I guess the same could be said for you...I don't divide people who are legal citizens here...I don't believe it should be christian american, muslim americans, african american, irish american...and the list goes on....people divide themselves on their own without the help of others....I am an American...I don't divide myself with religious or racial explanations. No one needs to know I am a sweedish indian french canadian irish heterosexual christian female american....try putting that on a census form.


----------



## Shari (Jul 20, 2010)

I think.. no religion should put any building up near the site. No race is better than the other, same with religion. I don't care what color or what ever a person is.

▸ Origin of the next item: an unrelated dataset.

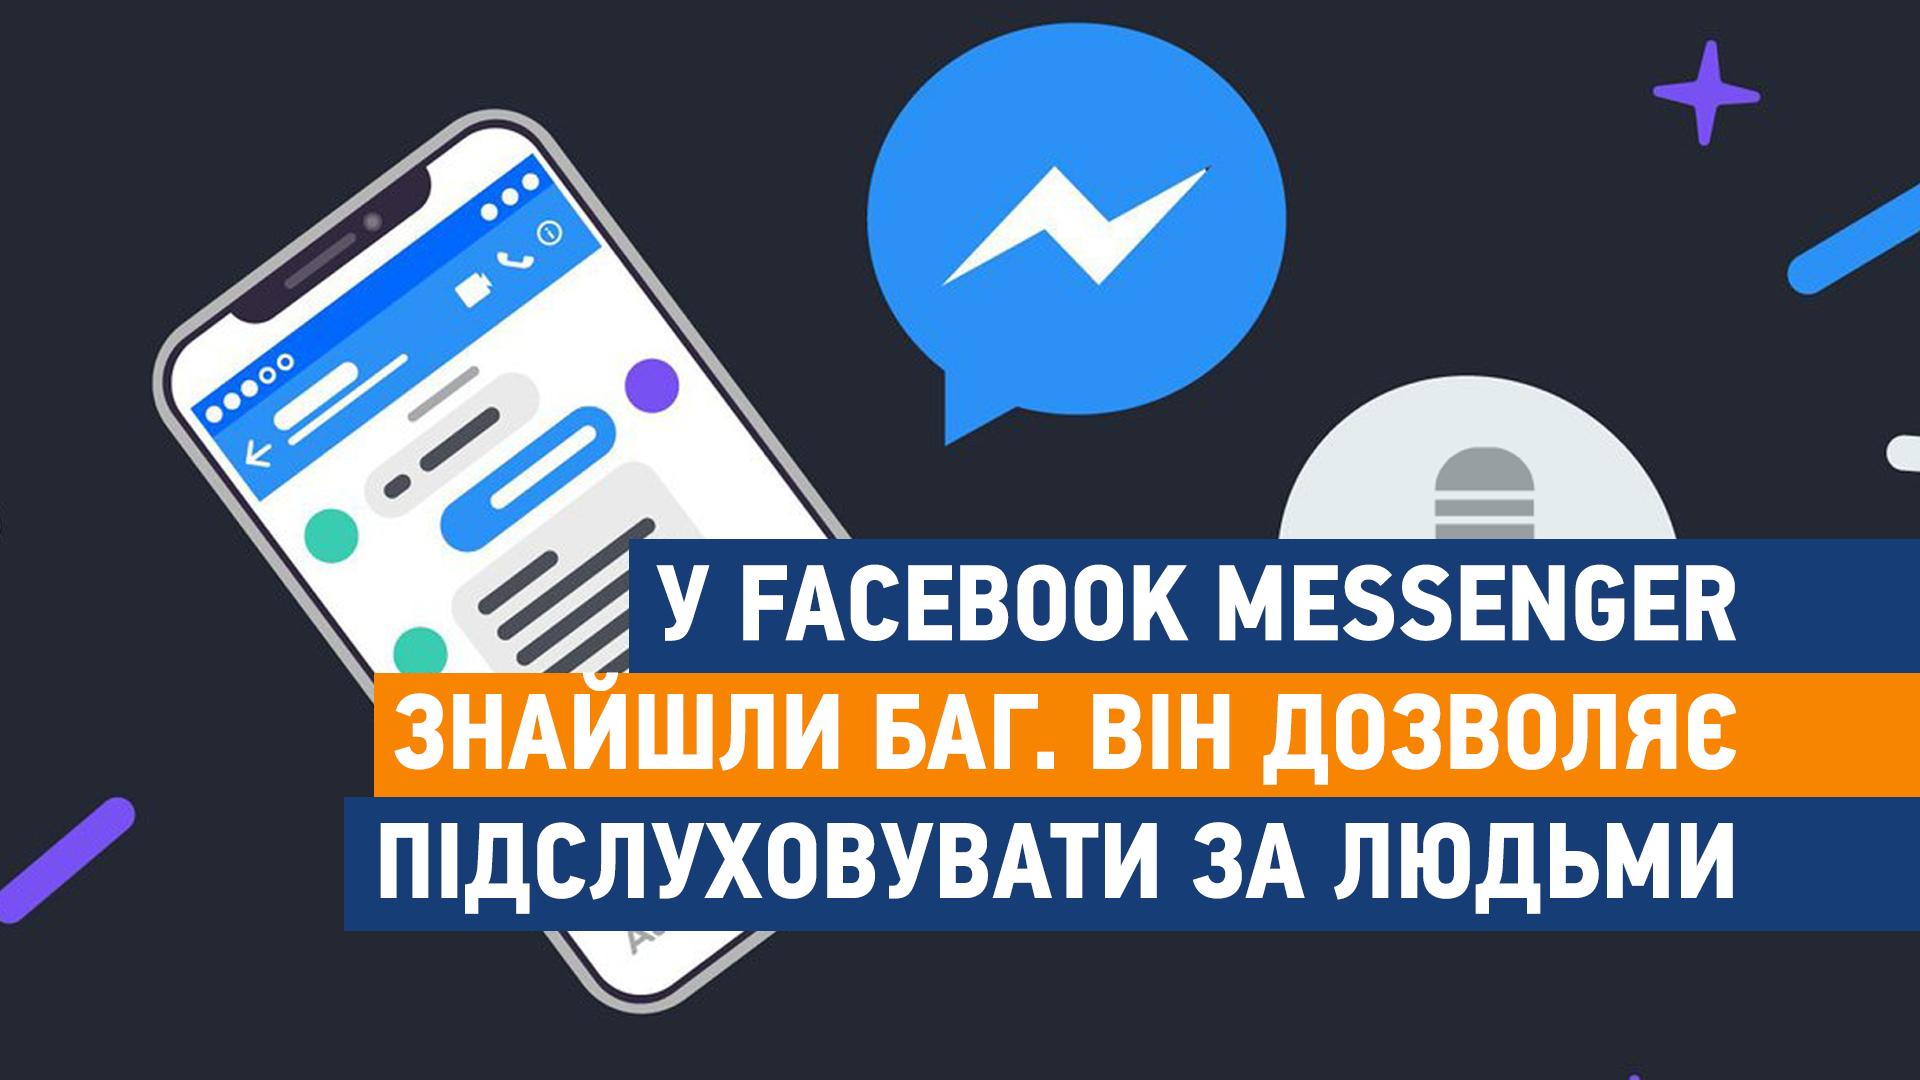 У Facebook Messenger знайшли баг. Він дозволяє підслуховувати за людьми - Безпека, google, Apple, android - shablon poglyad site 2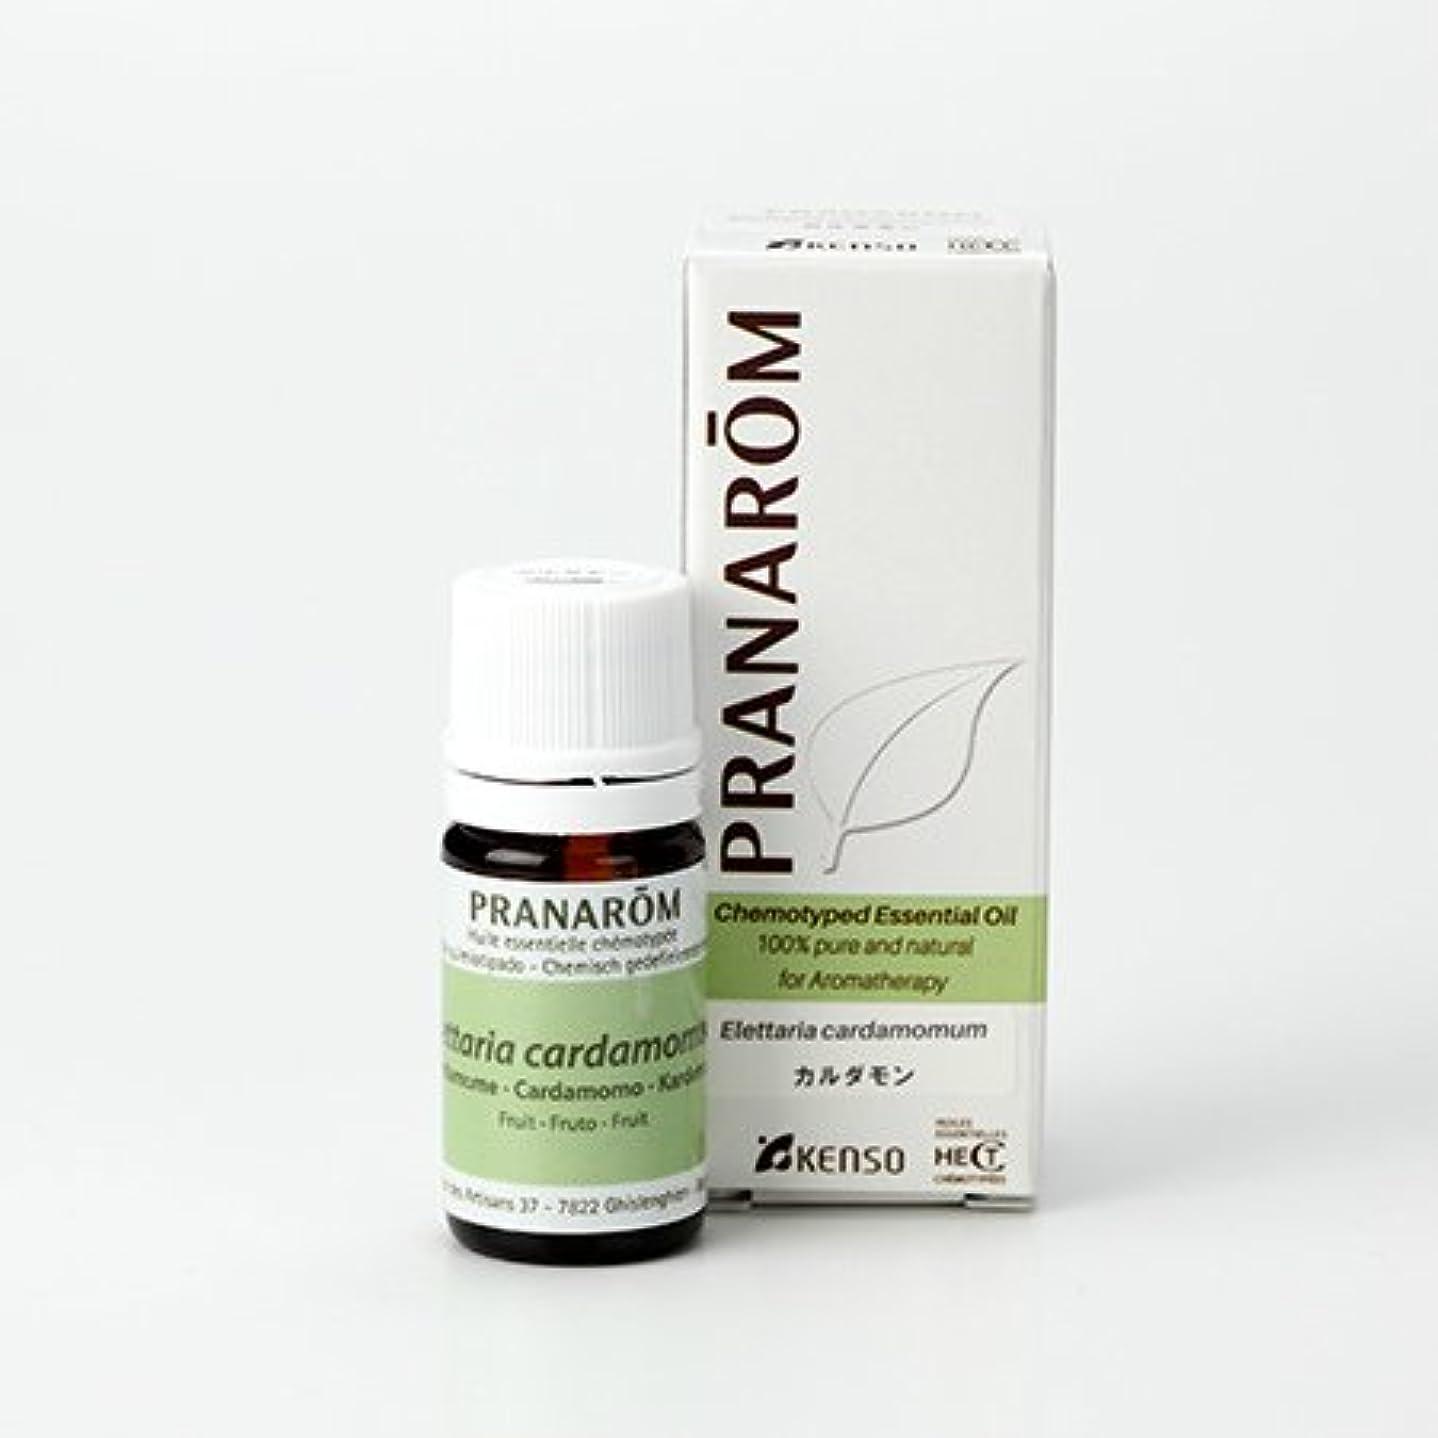 アデレード怪物サンダープラナロム カルダモン 5ml (PRANAROM ケモタイプ精油)

What should happen is a Non denomination, no race Monument should be put up by a neutral party.


----------



## Pepipony (Jul 20, 2010)

When calling upon the founding fathers, one needs to remember that Thomas Jefferson, the one who wrote the Declaration of Independence, thought that the idea of a Christian faith was rather absurd.

I do have a question about religion then. Since people are stating that terrorist funds will go to this building, without proof at that, then I guess those who give $$ to Catholic churches are condoning child molestation? Just a thought. ( and NO, I dont think that, I am just using that line of thinking on another religion)

When you hold an entire religion or peoples responsible for some loonies doings, you create a self fullfilling prophecy. You MAKE that which you are trying to avoid.


----------



## miniwhinny (Jul 20, 2010)

Sonya said:


> We were technically founded 'One nation under GOD'


It's interesting that the pledge of allegiance was not written until 1892 but the words "under god" weren't added until 1954.

Pepipony is also quite correct in pointing out that the founding fathers were far from christian.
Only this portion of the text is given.